Gastaldo then goes on to rant some more about inappropriate antibiotic
prescriptions.

Then, this gem:

>PF, my sense is that you and Jeff P.Utz, MD focus on the vaccination fraud
>issue because the other pediatric crimes are so much more obvious...
>
>[snip]

(More ranting about circumcision.)

Does Gastaldo want to turn the focus away from "vaccination fraud"
instead because I am exposing his bald-faced lying?

I must be on to something! He's trying to avoid me! I point out his
LIES about public policy on vaccinations and he tries to steer me
away! What a fraud! What a coward!

PF
Todd Gastaldo - 24 May 2005 18:10 GMT
SNIPPING IS "ANALYSIS" - LOL! (THAT KIDDER PF RILEY, MD AGAIN)

PF Riley, MD is a pseudonymous usenet pediatrician who does not agree with
me that MDs are committing obvious crimes and telling obvious lies to
cover-up.

That's the summary of this post.  No need to read further unless you are
interested in the banter between an MD and a DC...

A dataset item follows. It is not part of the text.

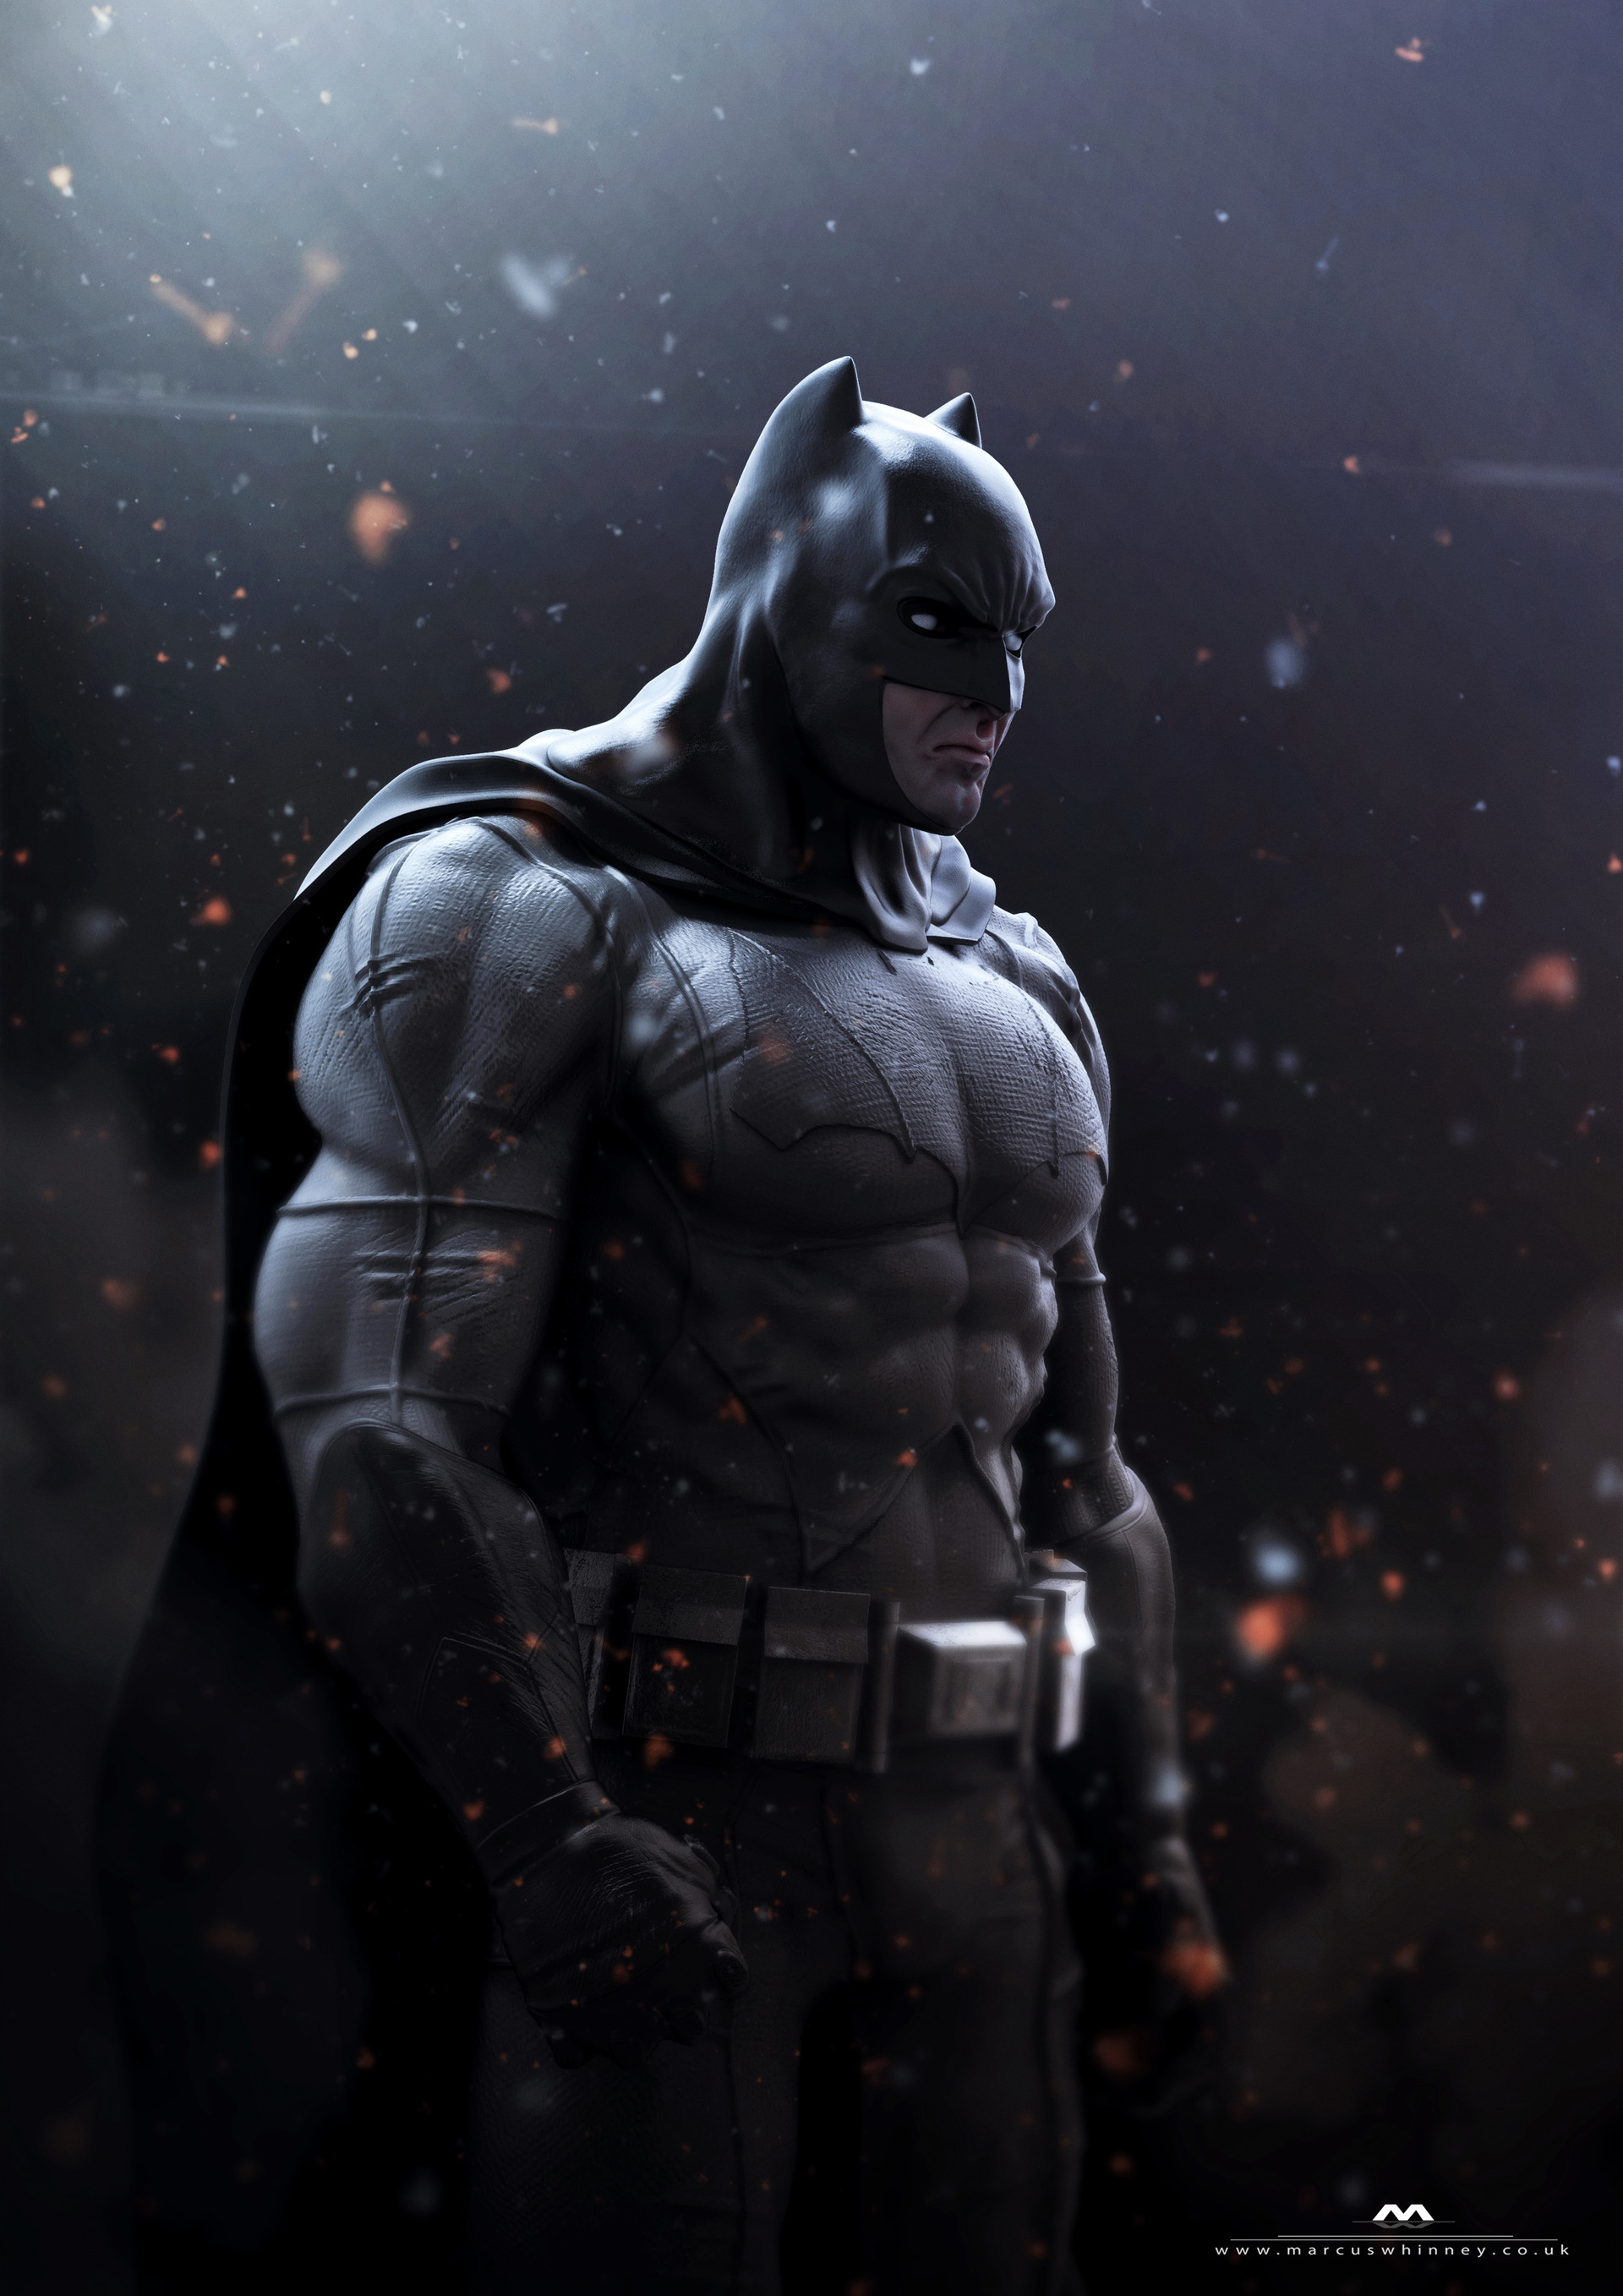 ArtStation - Batman Concept

PF likes to ignore the grisly spectacle of his fellow MDs lying and closing
birth canals up to 30% and robbing babies of up to 50% of their blood volume
and ripping and slicing baby penises en masse.

PF prefers instead to focus on vaccination.

PF pretends that I did not answer his criticisms on vaccination.

PF calls me a liar.

I disagree and AGAIN (see below) ask PF for evidence that I am lying.

See also: The CDC, breastfeeding, circ - and PF Riley, MD's antibiotic
question
http://health.groups.yahoo.com/group/chiro-list/message/3572

PF "analyzed" this just cited post - mostly by snipping - LOL!

> Gastaldo, in typical fashion, tries to "reply" to me with a typical
> rant full of flights-of-ideas and digressions. Read on for an
> analysis.

PF, your "analyxis" was snipping - not a very compelling analysis.

>> [snip]
>>
[quoted text clipped - 13 lines]
> disorder, goes on to rant about breastfeeding and immunizations, which
> I have snipped.

Here is what PF snipped...

It is QUITE relevant to PFs bacterial infection/antibiotics question...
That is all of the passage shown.